Michelle doesn’t have a favorite subject, she said. She paints flowers, people, landscapes and buildings. “I see them completed before I begin.”
She dreams about painting or cooking, said David. (”I’m passionate about cooking too,” said Michele.) Sometimes she describes a painting to David, but it doesn’t exist because she painted it in a dream.
The church
The Millers are preservationists and have been restoring the church that is their home for 25 years.
The last church service there was in 1972, said David.
A Cedar Rapids doctor bought the building and started to repair it, said Michele, before selling it to the Millers.
“And there were trees inside, and animals,” Michele said.
The church was built with sandstone from the area, said David. “They took their time. [They] made it look good.”
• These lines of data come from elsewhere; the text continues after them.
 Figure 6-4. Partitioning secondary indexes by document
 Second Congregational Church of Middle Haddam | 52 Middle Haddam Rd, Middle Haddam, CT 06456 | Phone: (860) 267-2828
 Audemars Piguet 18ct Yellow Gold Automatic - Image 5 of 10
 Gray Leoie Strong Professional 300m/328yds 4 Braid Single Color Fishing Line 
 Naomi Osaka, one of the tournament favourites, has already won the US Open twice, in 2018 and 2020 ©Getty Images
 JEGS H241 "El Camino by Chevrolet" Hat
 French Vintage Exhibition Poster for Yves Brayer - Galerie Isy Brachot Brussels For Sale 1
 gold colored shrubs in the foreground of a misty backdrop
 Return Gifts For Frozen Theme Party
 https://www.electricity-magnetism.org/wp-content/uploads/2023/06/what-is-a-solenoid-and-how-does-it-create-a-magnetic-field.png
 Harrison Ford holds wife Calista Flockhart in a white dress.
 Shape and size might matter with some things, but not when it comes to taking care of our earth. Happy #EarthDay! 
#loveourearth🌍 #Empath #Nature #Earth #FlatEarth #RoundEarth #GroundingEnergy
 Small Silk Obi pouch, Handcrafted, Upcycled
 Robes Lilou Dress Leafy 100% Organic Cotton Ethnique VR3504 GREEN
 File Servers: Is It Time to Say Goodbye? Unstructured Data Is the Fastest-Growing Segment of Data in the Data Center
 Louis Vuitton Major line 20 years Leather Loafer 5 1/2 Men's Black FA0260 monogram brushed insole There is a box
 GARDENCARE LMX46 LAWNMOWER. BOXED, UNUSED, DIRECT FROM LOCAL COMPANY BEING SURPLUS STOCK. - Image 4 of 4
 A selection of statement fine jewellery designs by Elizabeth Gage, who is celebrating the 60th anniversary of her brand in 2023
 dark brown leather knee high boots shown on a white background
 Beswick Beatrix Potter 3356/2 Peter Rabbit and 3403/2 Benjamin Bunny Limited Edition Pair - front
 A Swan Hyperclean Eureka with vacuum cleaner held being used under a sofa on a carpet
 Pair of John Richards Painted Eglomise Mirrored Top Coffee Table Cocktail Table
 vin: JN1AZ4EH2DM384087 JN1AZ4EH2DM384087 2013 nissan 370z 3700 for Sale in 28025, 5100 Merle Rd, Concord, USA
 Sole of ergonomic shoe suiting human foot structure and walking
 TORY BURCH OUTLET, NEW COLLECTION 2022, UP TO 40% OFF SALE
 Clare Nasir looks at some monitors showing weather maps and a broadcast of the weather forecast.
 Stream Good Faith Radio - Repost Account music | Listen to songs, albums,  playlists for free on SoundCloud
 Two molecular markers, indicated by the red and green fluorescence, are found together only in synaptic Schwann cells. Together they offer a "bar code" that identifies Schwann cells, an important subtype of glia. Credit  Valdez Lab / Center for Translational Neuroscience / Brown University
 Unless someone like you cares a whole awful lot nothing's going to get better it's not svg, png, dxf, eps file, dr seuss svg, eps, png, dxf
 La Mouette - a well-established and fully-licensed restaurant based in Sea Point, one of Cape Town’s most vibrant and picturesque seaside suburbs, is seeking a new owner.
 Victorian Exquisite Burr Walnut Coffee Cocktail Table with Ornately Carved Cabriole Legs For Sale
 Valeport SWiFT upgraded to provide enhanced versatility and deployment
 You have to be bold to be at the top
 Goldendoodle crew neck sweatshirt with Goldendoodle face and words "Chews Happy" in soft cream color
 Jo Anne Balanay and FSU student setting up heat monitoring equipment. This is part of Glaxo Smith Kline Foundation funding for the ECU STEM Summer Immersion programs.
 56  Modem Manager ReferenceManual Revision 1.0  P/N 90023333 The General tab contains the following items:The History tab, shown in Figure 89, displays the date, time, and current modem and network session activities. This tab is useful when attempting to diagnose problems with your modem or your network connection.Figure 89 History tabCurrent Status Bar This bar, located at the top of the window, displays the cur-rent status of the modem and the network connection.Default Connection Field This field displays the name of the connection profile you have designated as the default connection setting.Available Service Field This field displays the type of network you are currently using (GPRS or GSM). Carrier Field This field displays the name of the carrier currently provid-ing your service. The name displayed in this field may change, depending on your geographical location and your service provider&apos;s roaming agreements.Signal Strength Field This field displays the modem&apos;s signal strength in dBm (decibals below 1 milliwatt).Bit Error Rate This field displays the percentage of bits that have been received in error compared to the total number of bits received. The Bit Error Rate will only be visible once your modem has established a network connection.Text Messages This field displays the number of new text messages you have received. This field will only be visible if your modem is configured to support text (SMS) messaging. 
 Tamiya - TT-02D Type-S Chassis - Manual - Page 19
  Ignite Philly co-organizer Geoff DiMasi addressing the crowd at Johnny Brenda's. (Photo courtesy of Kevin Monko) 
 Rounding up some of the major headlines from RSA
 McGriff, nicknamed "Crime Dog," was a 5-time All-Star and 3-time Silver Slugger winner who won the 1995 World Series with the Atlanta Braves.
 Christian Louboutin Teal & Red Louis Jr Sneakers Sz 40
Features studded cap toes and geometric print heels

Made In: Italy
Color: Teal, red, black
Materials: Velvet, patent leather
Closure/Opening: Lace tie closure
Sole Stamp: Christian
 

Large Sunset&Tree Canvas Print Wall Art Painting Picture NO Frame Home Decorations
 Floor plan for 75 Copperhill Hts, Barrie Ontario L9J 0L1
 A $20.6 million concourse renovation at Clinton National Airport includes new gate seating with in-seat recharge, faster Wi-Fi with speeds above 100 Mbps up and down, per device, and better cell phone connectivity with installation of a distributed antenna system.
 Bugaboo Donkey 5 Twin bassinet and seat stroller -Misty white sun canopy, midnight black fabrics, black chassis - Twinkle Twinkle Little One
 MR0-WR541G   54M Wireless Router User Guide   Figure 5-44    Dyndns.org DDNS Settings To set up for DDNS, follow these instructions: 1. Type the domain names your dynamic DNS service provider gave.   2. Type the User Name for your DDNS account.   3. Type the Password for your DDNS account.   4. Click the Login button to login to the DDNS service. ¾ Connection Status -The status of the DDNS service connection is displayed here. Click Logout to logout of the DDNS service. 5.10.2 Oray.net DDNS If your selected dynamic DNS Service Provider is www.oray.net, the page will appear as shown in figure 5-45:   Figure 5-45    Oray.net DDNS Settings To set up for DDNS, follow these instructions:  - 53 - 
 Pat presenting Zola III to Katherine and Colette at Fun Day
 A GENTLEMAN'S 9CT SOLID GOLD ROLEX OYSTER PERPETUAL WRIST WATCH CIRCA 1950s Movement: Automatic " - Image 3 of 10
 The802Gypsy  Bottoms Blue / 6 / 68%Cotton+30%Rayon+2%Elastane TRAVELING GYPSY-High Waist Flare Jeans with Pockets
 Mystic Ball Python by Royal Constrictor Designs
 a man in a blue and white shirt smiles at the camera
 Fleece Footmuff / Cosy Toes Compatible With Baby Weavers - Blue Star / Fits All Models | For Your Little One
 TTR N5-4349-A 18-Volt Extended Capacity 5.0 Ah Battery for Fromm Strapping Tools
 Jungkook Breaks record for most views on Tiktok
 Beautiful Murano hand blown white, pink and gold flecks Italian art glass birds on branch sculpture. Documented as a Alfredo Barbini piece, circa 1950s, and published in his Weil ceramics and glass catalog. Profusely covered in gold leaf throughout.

The ceiling is 12 feet high, 14 feet at its peak, and has 16-inch beams, said Michele
The building has 9,000 square feet on three levels. The gallery is 35 feet by 59 feet, David said.
“We bought this place because of the windows,” said Michele. The north windows have the best light for painting. “That is the light that never changes,” Michele said.
The couple lives in the caretaker’s apartment and the church offices. They have a sitting room at the back of the art gallery which still displayed a large, decorated Christmas tree in early January. The family opens Christmas presents there, said David.
On the back wall are paintings that are not for sale — favorites and award winners.
The gallery
Most of the artwork in the gallery was created by Michele, though it also sells photos taken by David. “I have two daughters that display here, and my granddaughters are welcome to show here,” said Michele.
David takes care of matting and framing and deals with the business side of the operation, said Michele. She just paints.
The couple also sells antiques at the gallery.
In 2010, the Millers bought a building in Amana next to the Ox Yoke Inn as a second gallery. That was busy location, said Michele, but during COVID, the couple had to sell it.
“Most of the people who come here are interested in art,” said Michele. The art museum in Chicago once took a busload of people to the gallery. That was the most they’ve ever sold in a 20-minute period, said David.
Though Michele eventually retired from teaching, she sees no reason to retire her creative talent. She’s going to paint as long as she lives, she said.